Бабушка до сих пор уговаривает меня жениться и даже присоветывает кого-нибудь из деревенских женщин в невесты. Только какой из меня жених. Я – не Васька Шишкин. Голова лысая, во рту два зуба, а главное нет у меня, и судя по всему, уже не будет никогда постоянного заработка. Кто мою семью кормить станет? Вернее возьмется умная женщина под старость лет кормить чужого мужика. Да еще с писательскими странностями? Конечно, нет. Зачем ей пустая обуза.
В ответ на добро я стараюсь помогать старикам. Воду вожу из колодца, дрова колю, которые Коков соседям привозит. Зимой снег от дома отгребу. Особенно, когда много его нападает. Во время субботников, что ежемесячно проводит активистка Алка, скашиваю возле дома Чуркиных лопухи. Так что вместе нам не совсем скучно. Теплее, увереннее.
Но есть другая беда у Марии Антоновны, в которой ни кто уже никогда ей не поможет. Костылик бабушки, уже как полтора года, разлучил ее с подружкой детства Марией Ивановной Власенко. Не могут они добрести друг к другу в гости. Вот ведь как жизнь карты сложила. Вместе пацанками бегали в юбках землей испачканных, в школу в один класс пошли, в один год в колхозе стали работать доярками. Тогда модно было в передовых ходить, обе лучшими считались.
- Мы с ней года четыре ездили по путевкам как передовики, – вспоминает она, - Мария и в Москве была как лучшая, и на Байкал ездила, и в газете про нее сколько раз писали. И про меня тоже. Специально корреспондент приезжал, лысый такой, с фотоаппаратом.
- Доездились, до красовались, - щурится в улыбке Чуркин, - обе легли, обезножили как кони в голодный год. Надо было силы –то в молодости беречь.

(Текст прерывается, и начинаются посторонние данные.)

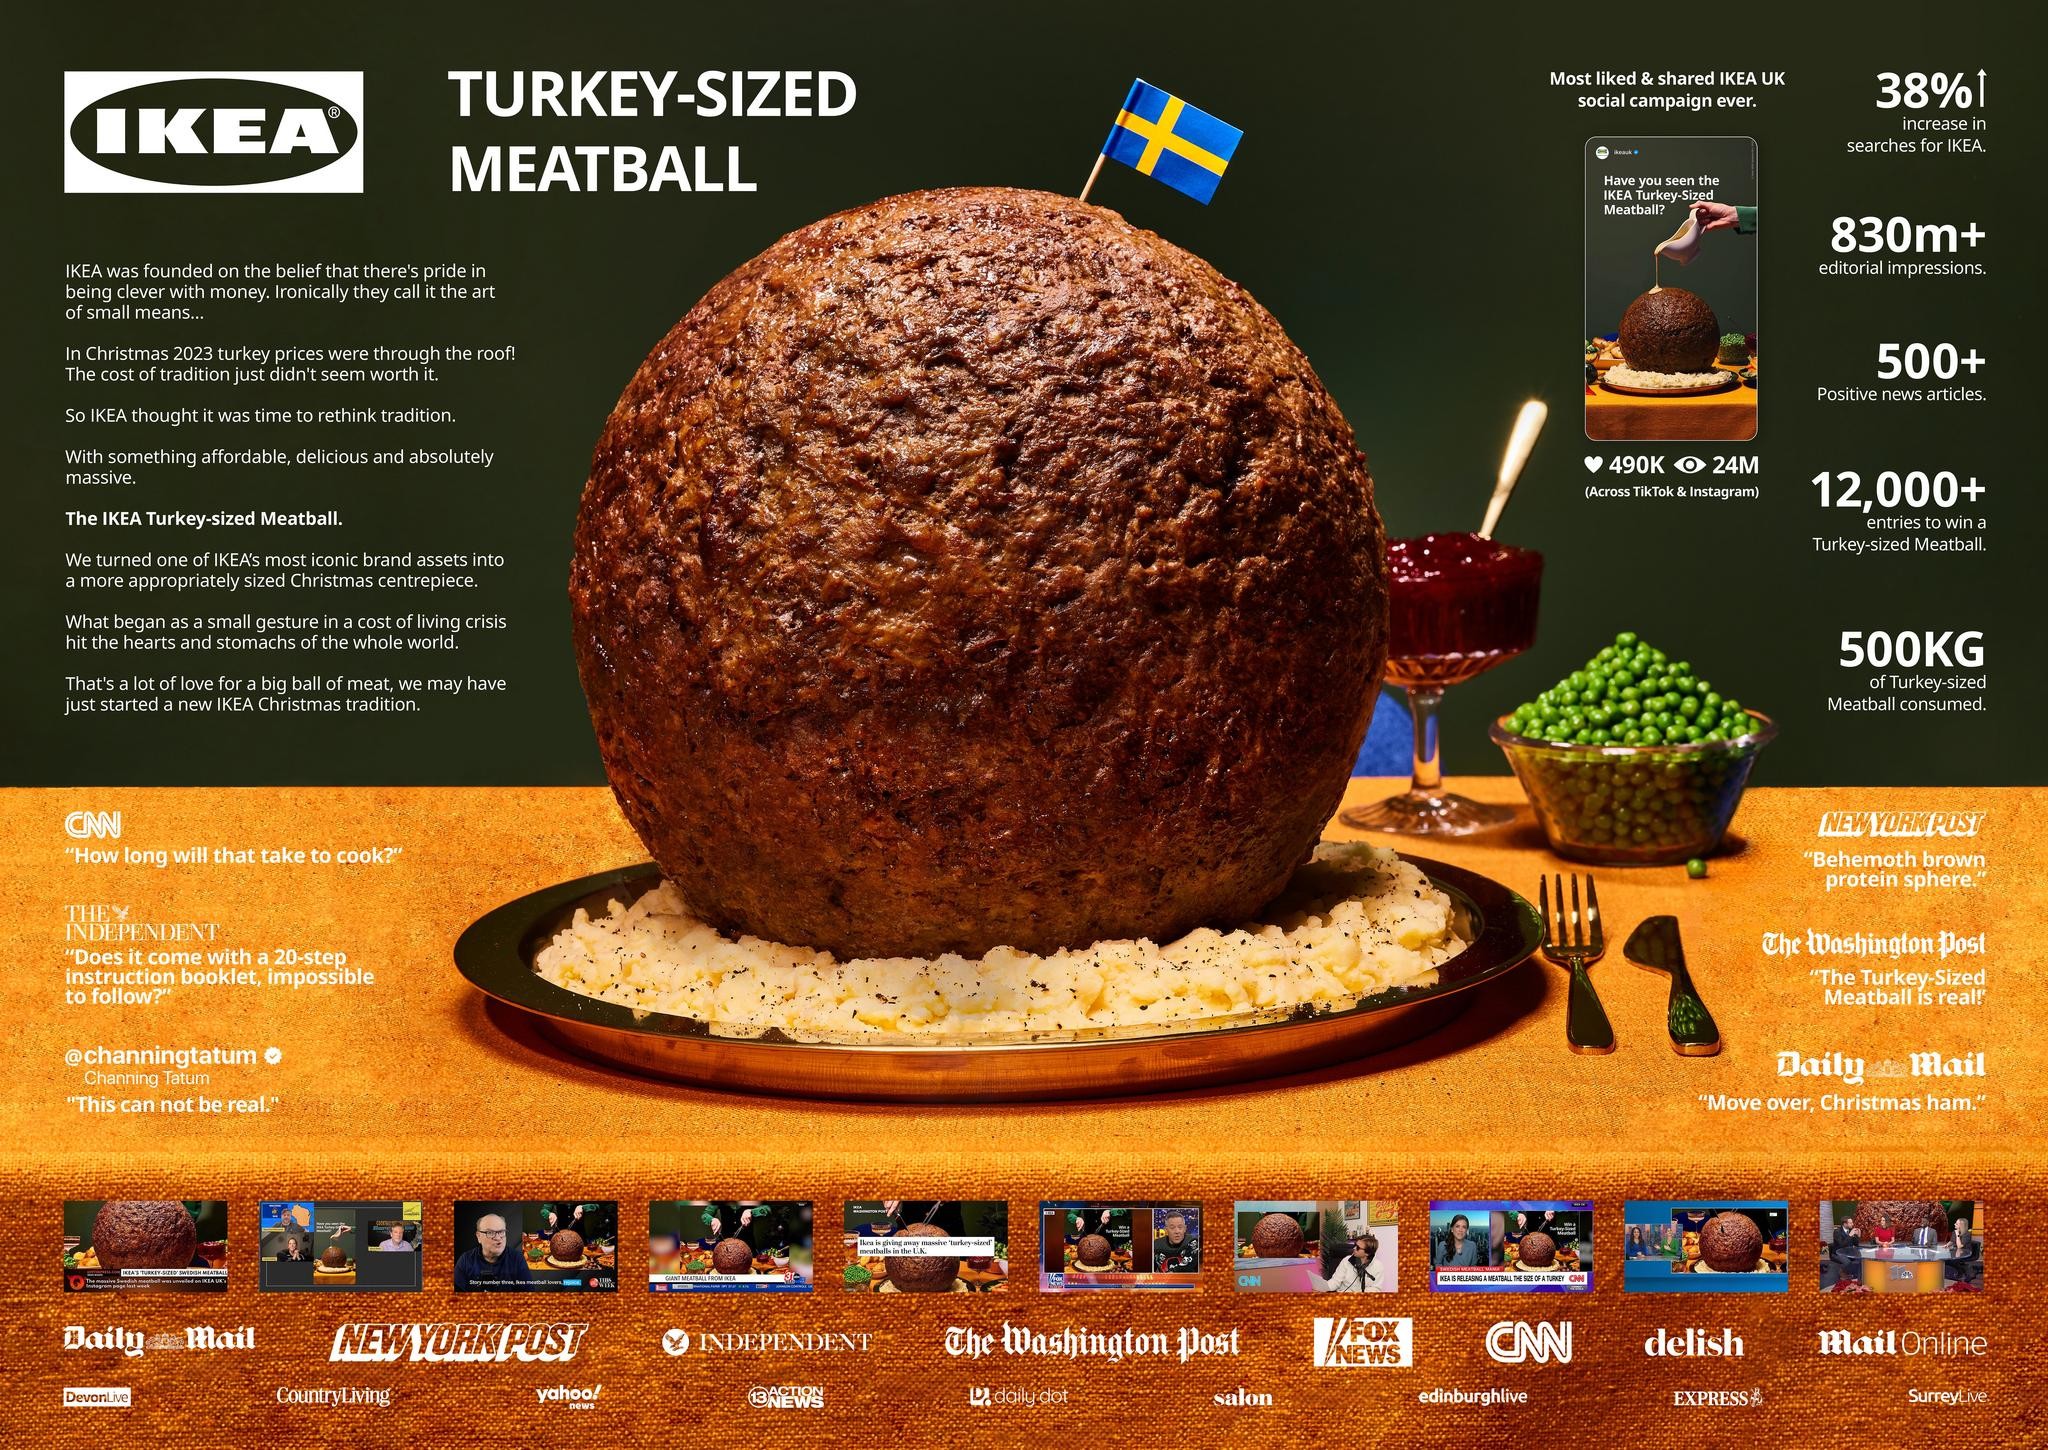 IKEA 'Turkey-Sized Meatball'
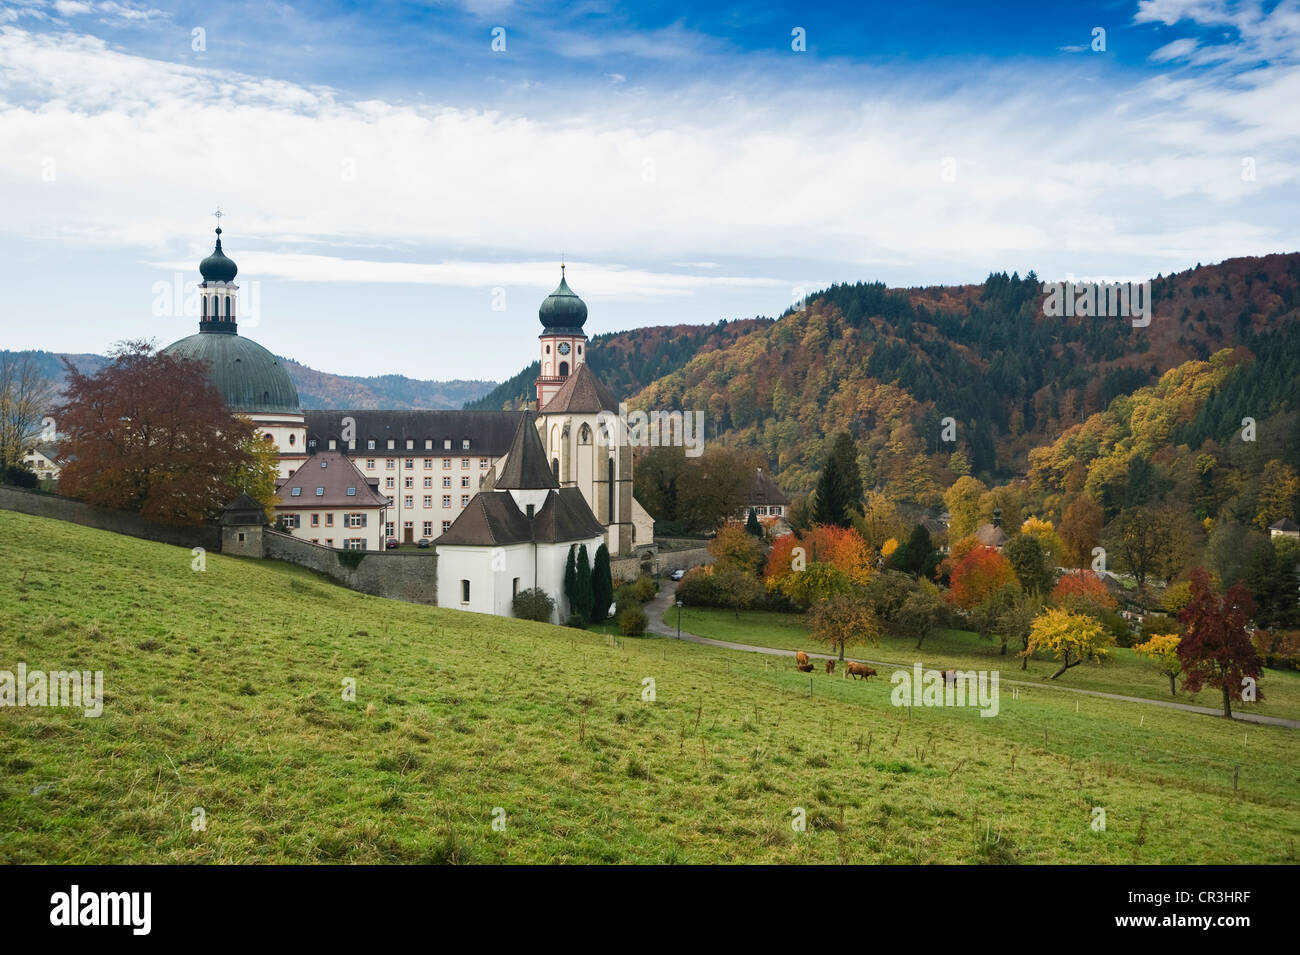 St Trudpert monastery, Muenstertal, Schwarzwald or Black Forest, Baden-Wuerttemberg, Germany, Europe Stock Photo

- Как не ляжешь, - вздохнула Антоновна, - работа такая была. От дойки до молоканки метров сто, вот мы с ней флягу под ручки и бегом. А в ней с молоком пятьдесят килограммов и только моих нужно было пять фляг перетаскать и у Марии столько же.
Антоновна с виноватой улыбкой глядит на меня, дескать, ничего случайного в наших болезнях нет.
- И так два раза в день. – рассказывает она неторопливо, словно самой себе, - посчитай, сколько за тридцать пять лет работы дояркой я молока на плечи брала. Если и было здоровье, ушло оно с этими флягами. Унесло молока силу. А может и не молоко виноваты, годы всех под одну гребенку стригут.
- Есть бабы, которые намного больше тебя надаивали и носили, значит, больше, – не унимается Чуркин. В последнее время это у него такие шутки стали, пытать на всяких мелочах жену.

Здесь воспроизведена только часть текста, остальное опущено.